What makes one person a big spender and another a diligent saver? It’s likely not their age, income, education, or gender but the way they each think and feel about spending and saving. It is our thinking that drives our behavior. If you want to make a lasting change to your financial behavior, start by knowing your own mind.

How Does Psychology Affect Financial Choices?

Some financial decisions can be explained by cognitive psychology, which is focused on how the brain organizes, processes, and retrieves information. Take, for example, loss aversion: The human brain feels the pain of a loss as greater than the pleasure of an equal gain. That’s cognitive. We can’t change loss aversion; it’s just how our brains work. When it comes to cognitive psychology, much of the time the best thing we can do is to get educated about the ways we might unconsciously misjudge trade-offs and then consciously compensate for that misjudgment.
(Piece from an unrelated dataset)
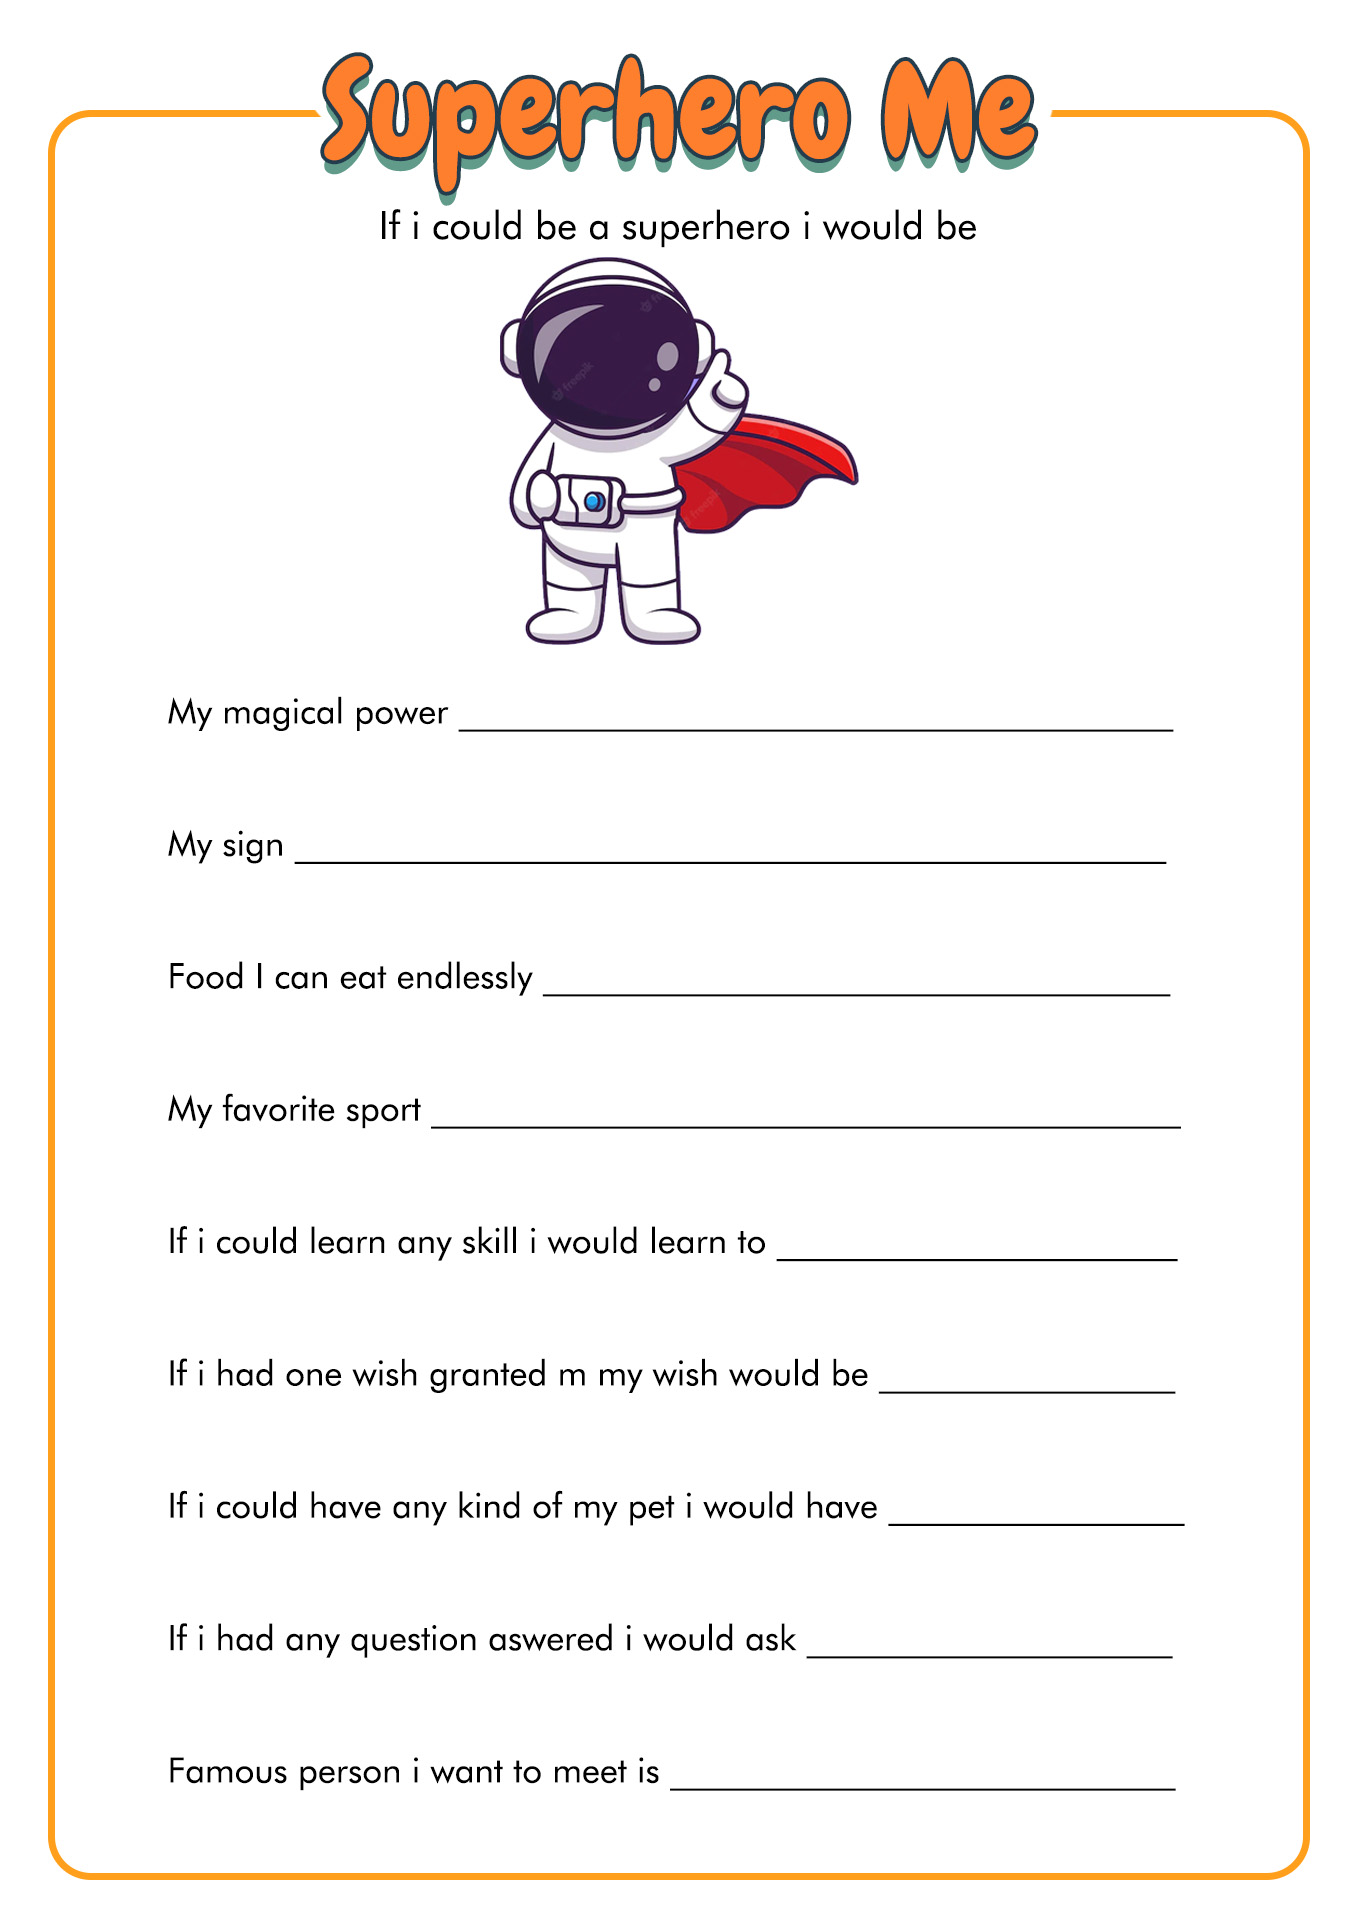 19 Best Images Of Superhero Classroom School Worksheets All About Me Superhero Superhero Math

Other financial decisions are influenced by social psychology, which focuses on how we relate to ourselves and others. For example, someone may associate wealth with greed or exploitation because they grew up around people who vilified the rich. Another person may believe that financial success will win them friends, and thus enjoy buying rounds of drinks for others when they socialize. These beliefs are the result of social psychology. In these examples, an attitude or belief that may start out as unconscious could be made conscious or changed if the person wants to do the work to change it.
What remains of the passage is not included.